Type 4’s primary characteristic is low blood flow to the brain. Type 4 or Vascular Alzheimer’s Disease, is caused by a reduction of blood flow to the brain, which ultimately deprives the brain of essential oxygen and nutrients. The brain is an extremely vascularized tissue, meaning it requires large amounts of oxygen. A lack of oxygen to the brain leads to hypoperfusion (low blood flow) and compromises the blood-brain barrier which allows for harmful substances to leak in and damage neurons. Cerebral vasculature is extremely important as it is one way the body clears the accumulation of amyloid-beta.

Biochemical Markers of Type 4

“Leakiness” present in vascular tissues.

Individuals with cardiovascular disease have a high risk for Type 4 Alzheimer’s.

These individuals do best when they prioritize healing underlying insulin resistance.

 Type 5

Type 5’s primary characteristic is brain damage. Type 5 or trauma-induced Alzheimer’s, results from traumatic brain injuries (TBI) which disrupt normal brain function, including learning and thinking skills. Certain types of TBI’s may increase the risk of developing Alzheimer’s disease years after the injury takes place.

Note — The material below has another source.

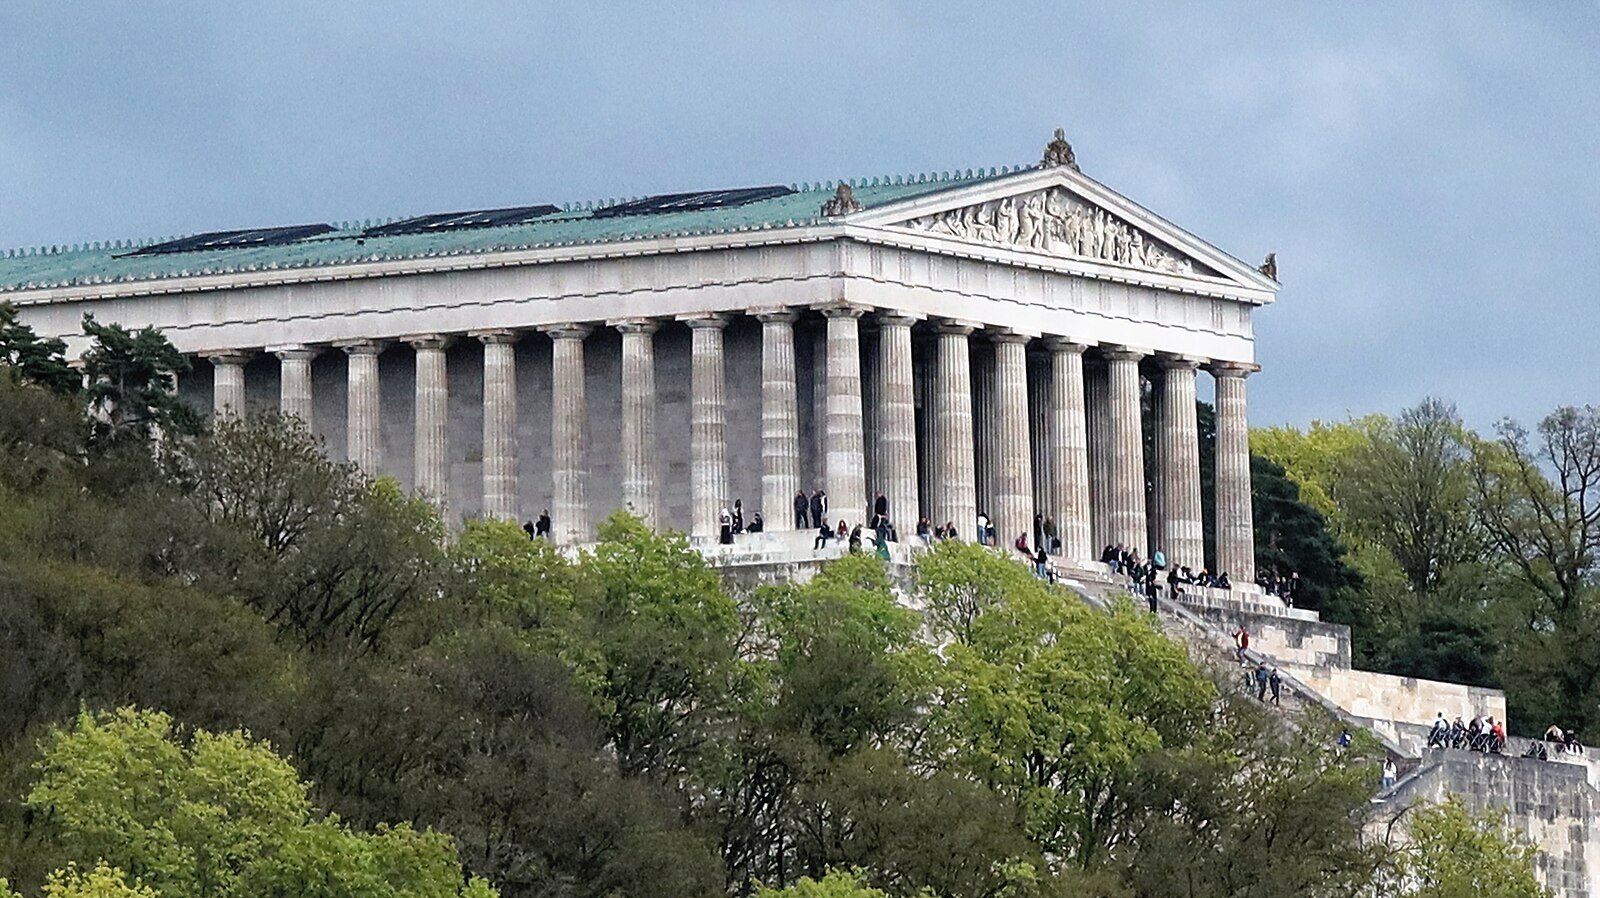 View of Walhalla, German memorial inspired by Acropolis' Parthenon in Athens, Greece

One of the most impactful studies showed that those with a history of moderate TBI had a 2.3 times greater risk of developing Alzheimer’s than older adults with no history of a head injury and those with a history of severe TBI had a 4.5 times greater risk.

Biochemical Markers of Type 5

There are no biochemical markers for Type 5 as it is triggered by injuries to the brain such as:

  • Blunt force trauma
  • Concussions
  • Physical Abuse
  • Chronic traumatic encephalopathy (CTE)

Now that we have broken down Alzheimer’s Disease into 6 different types and identified their characteristics and potential causes we can begin to address what you need to do to prevent and begin to heal the damaging insults to the brain.  We will begin to work on that next week. 

OR if you want to jump ahead, purchase Dr. Dale Bredesen’s books.  Here are the links to purchase them on Amazon.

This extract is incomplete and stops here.